Tim Lebbon's first two Noreela novels ("Dusk" and "Dawn") feature a narcotic substance called Fletch; a sort of dry crumbly rock that's mined in the same way as gold. In its powdered form, Fletch is highly addictive and, if I remember correctly, can also induce some mystical/visionary experiences, but utterly fatal. It's like heroin mixed with LSD.

More interesting than the drug itself is the sub-culture that Lebbon builds up around it. The Fletch miners are a society set apart - they live in the mines and, because they've been passively inhaling the Fletch dust all their lives, are automatically addicted. They're outcasts from the wider society, but absolutely vital to it because Noreela's demand for Fletch is so high.
 
I haven't got round to reading it yet, but Steph Swainston's "The Year of Our War" is sat on my bookshelf and from the little bit I read I got the impression that substance addiction (of some sort) is a big part of the story.
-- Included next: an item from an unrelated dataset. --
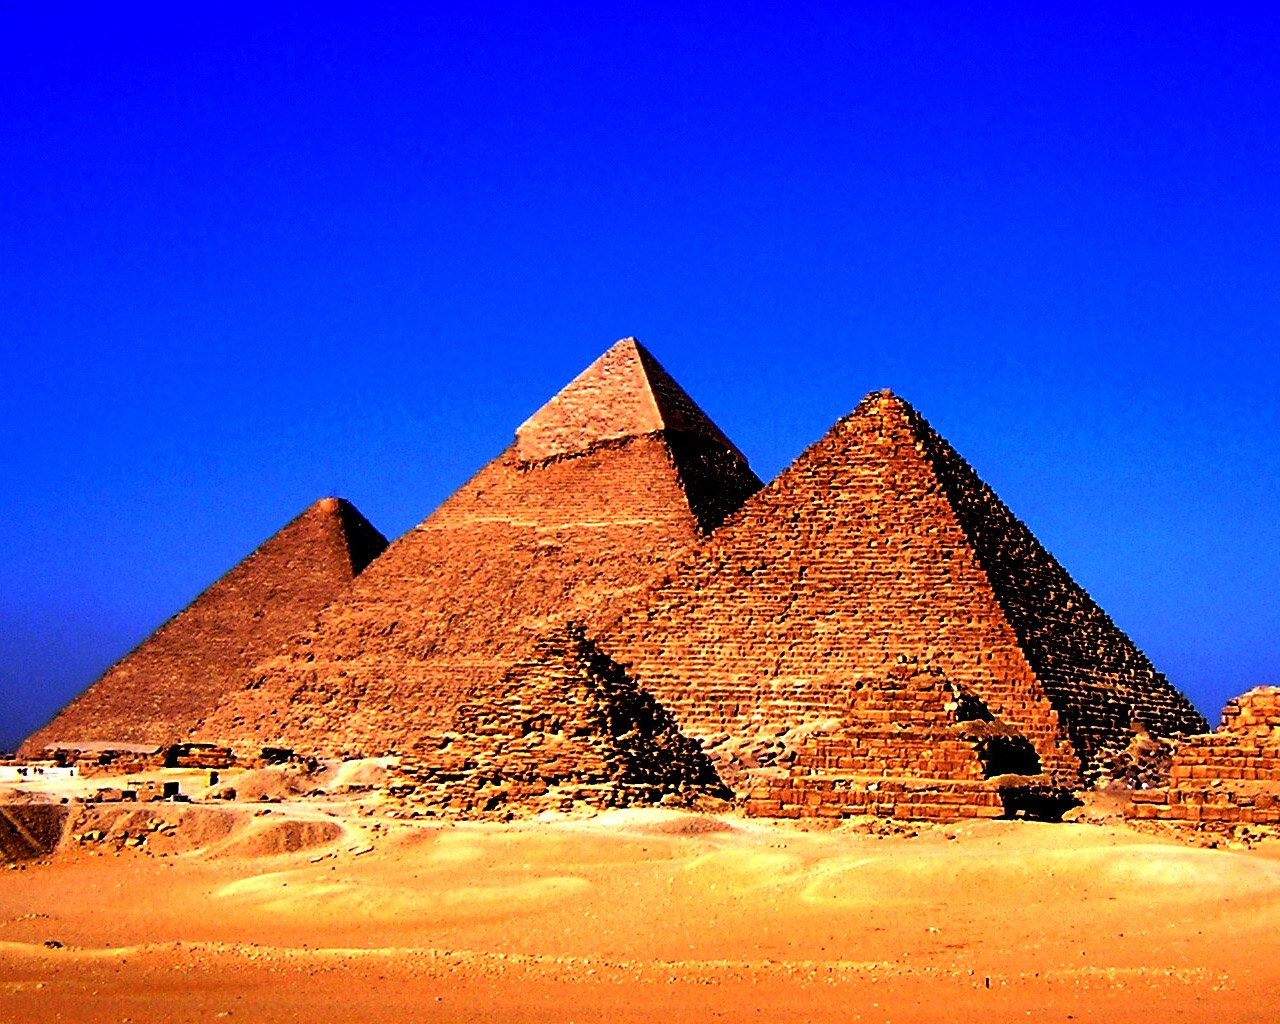 Hd Wallpapers Egypt Pyramids Wallpaper Desktop Background In X Hd 768 1280x1024

I remember looking at her website at the time I got the book and it seems addiction is a big interest of hers in general so anything by her might be worth checking out.

I don't know that much about it though as the book was a present and I hadn't heard of it or her before then, and I still haven't read it :/ it's definitely a fantasy book though, it even has a map at the beginning to prove it :)
 
Wow, thanks. So many replies! I'm gonna check all these things out.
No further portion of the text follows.